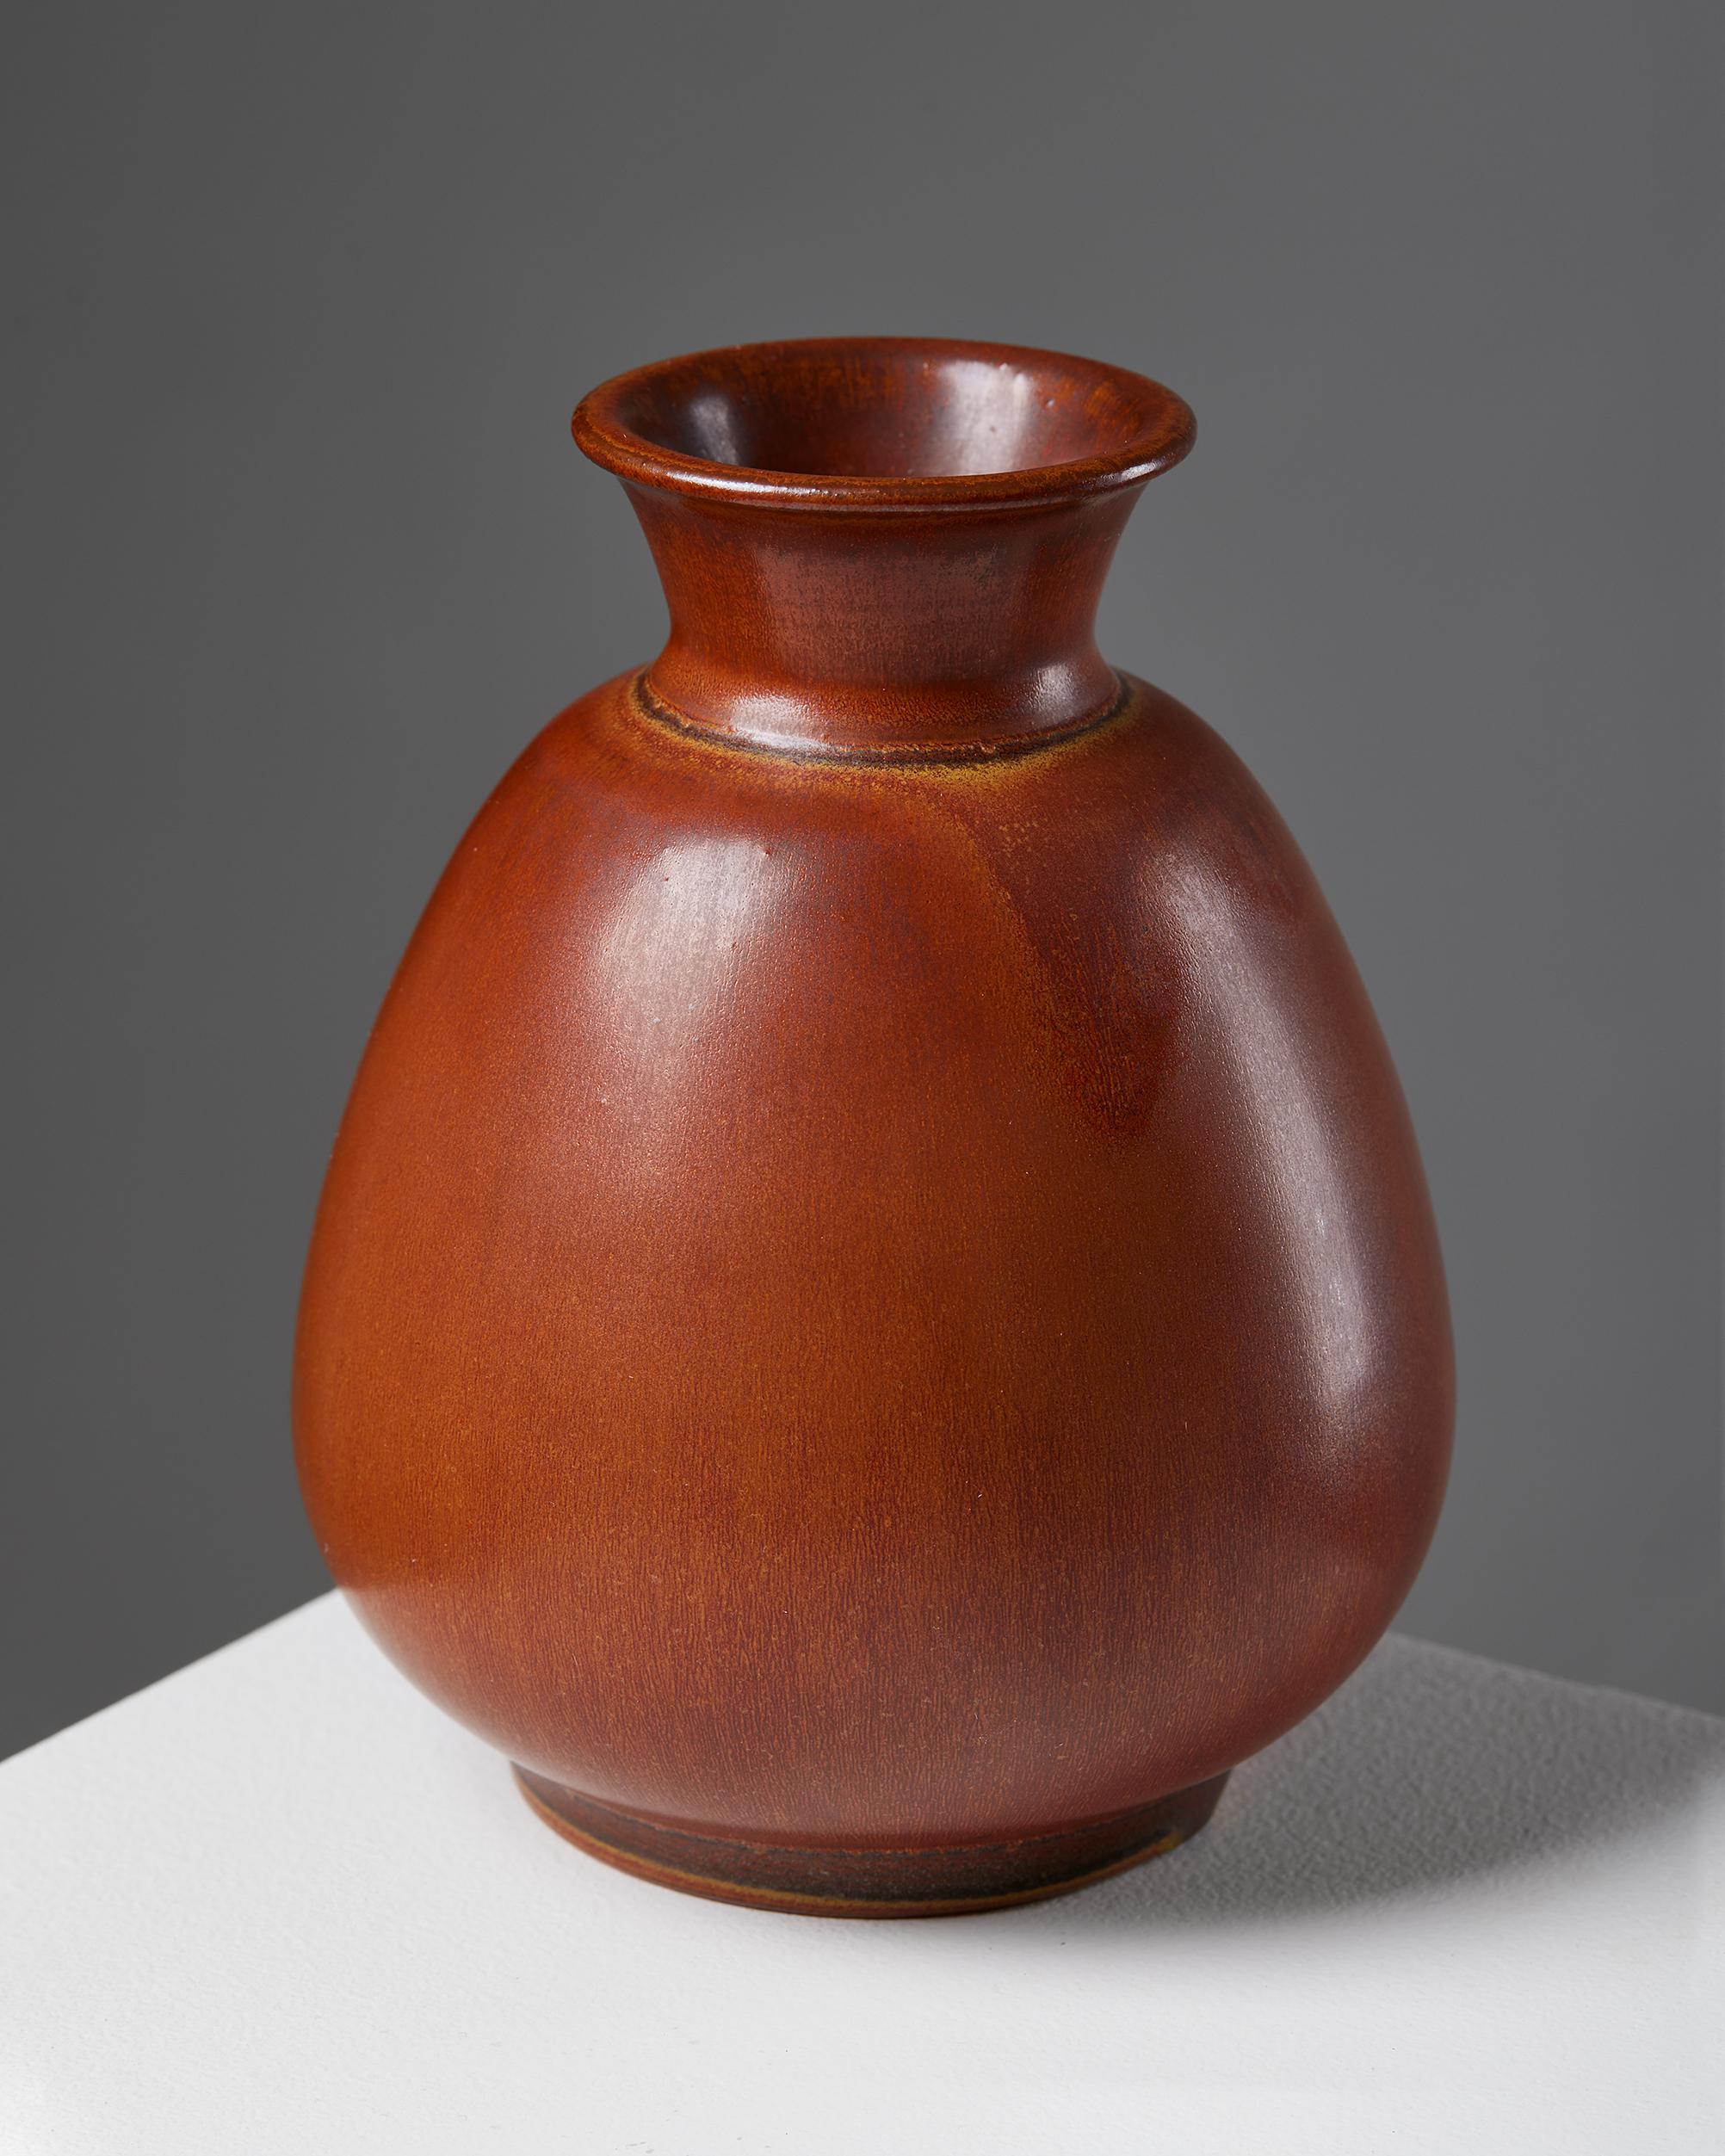 Vase designed by Erich and Ingrid Triller for Tobo, Sweden, 1950s

Signed.

Measures: H: 13.5 cm / 5 1/4''
D: 11 cm / 4 1/4''.

■ DESCRIPTION OF THE TASK: The material above should be returned exactly, without pictures.

■ FINISHED TASK:
 Vase designed by Erich and Ingrid Triller for Tobo, Sweden, 1950s

Signed.

Measures: H: 13.5 cm / 5 1/4''
D: 11 cm / 4 1/4''.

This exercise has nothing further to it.